We will in turn discuss design methods (Sect. 3.1) and tools (Sect. 3.2).

3.1 A Design Recipe for Writing Specifications

One of the challenges every author faces is the “blank page syndrome” [9]: given a problem statement, they must fill a blank page (or editor) with magical incantations that match the given statement. For many students, this can be a daunting and even overwhelming experience; ones for whom it is not are sometimes merely overconfident in their abilities.

However, in other design disciplines—from electrical engineering to building architecture—designers produce not just one final artifact but a series of intermediate artifacts, using a range of representations with distinct viewpoints that hide some aspects and make others salient. What might that look like in our discipline?

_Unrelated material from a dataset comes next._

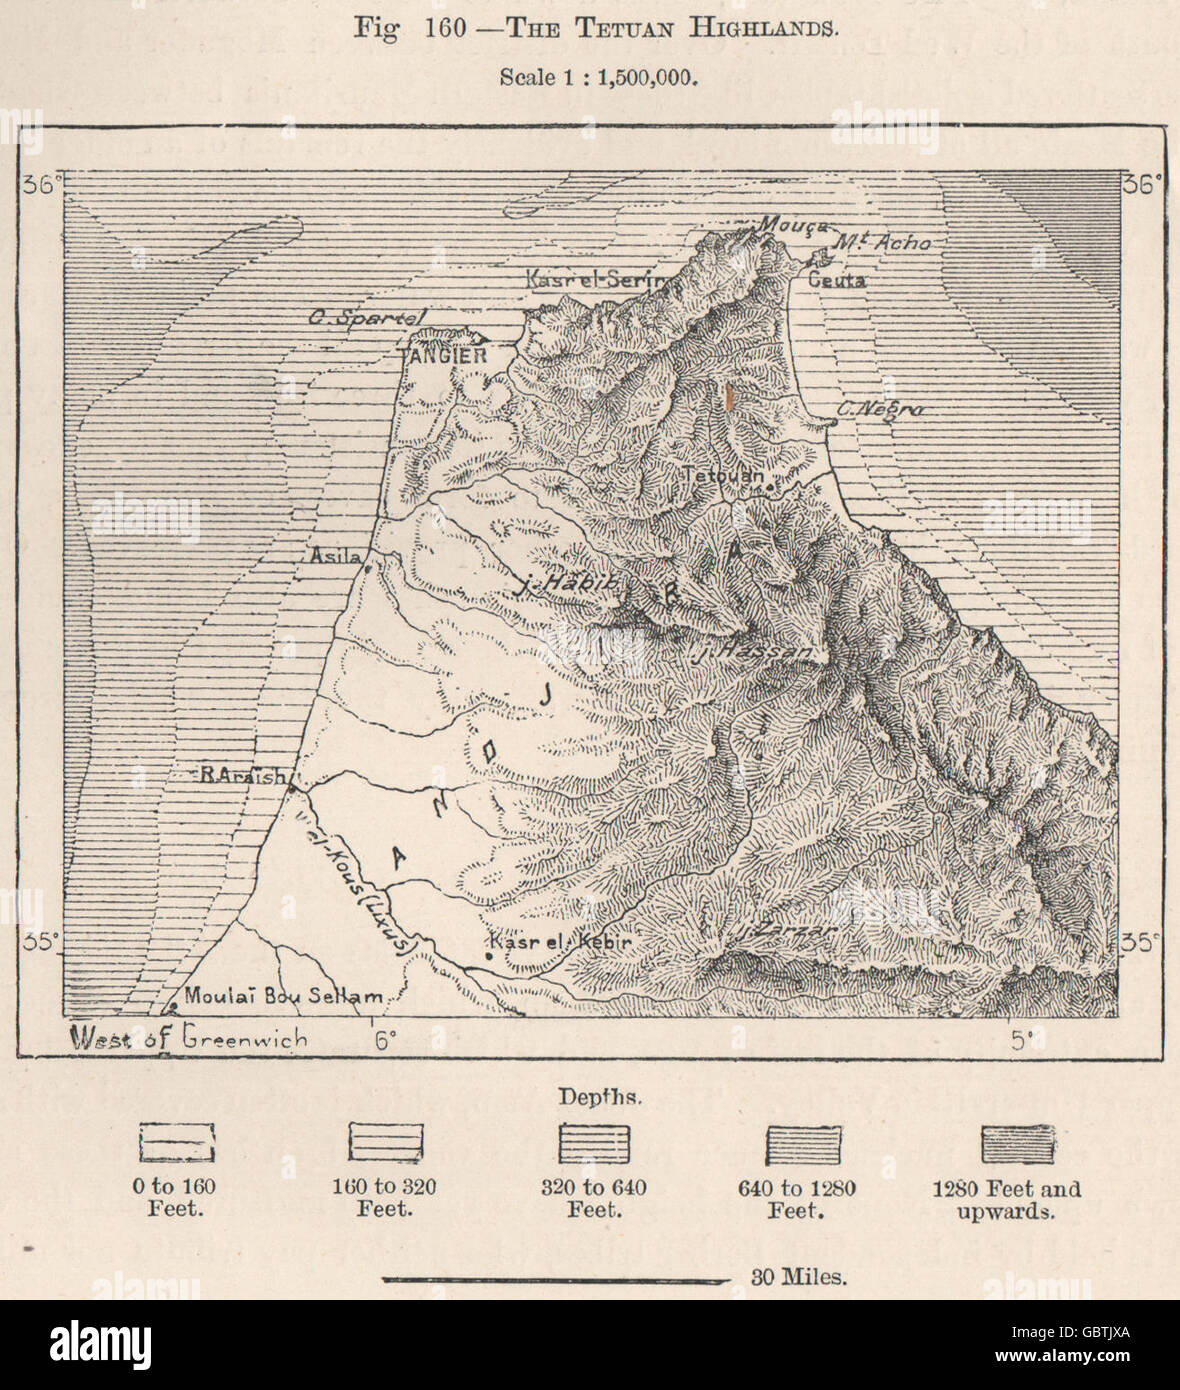 Les hautes terres de Tétouan. Montagnes du Rif. Maroc, 1885 carte antique Banque D'Images

One answer is provided by How to Design Programs [9], which breaks down the programming process into a series of steps called the Design Recipe. These steps incrementally build towards a solution, alternating abstract and concrete steps that build on previous ones. For programming, these steps are:

  1. 1.

    Data definitions: translating what is given in the problem statement into abstract descriptions for the computer system.

  2. 2.

    Data examples: constructing examples of each data definition to ensure the student understands it, has created a well-formed definition, and can cover the cases the problem demands.

  3. 3.

    Function outline: translating the function expected in the problem into an abstract computational representation, including type signatures, purpose statements, and a function header.

  4. 4.

    Function examples: constructing input-output examples of the function’s use, using the data examples and the function outline components. These ensure the student actually understands the problem before they start working on it. These are usually written using the syntax of test cases, so they can eventually be run against the final function, but they are conceptually different: they represent exploration and understanding of the problem.

  5. 5.

    Function template: Using the data definition and function outline to create a skeleton of the body based purely on the structure of the data.

  6. 6.

    Function definition: Filling in the template to match the specific function definition, using the examples as a guide.

  7. 7.

    Testing: Constructing tests based on the chosen implementation strategy, checking for implementation-specific invariants. The goal of tests, in contrast to function examples, is to falsify the purported implementation.

There is significant cognitive theory backing the use of this recipe. The process corresponds to Bruner’s notion of scaffolding [31], while the steps reflect Vygotsky’s theory of zones of proximal development [29]. The progression from data through examples to code and tests provides a form of concreteness fading [13]. Completed sequences form worked examples [28] that students can apply to new problems. The templates are a form of program schema [22, 27] that students can recall and reuse in constructing solutions to new problems.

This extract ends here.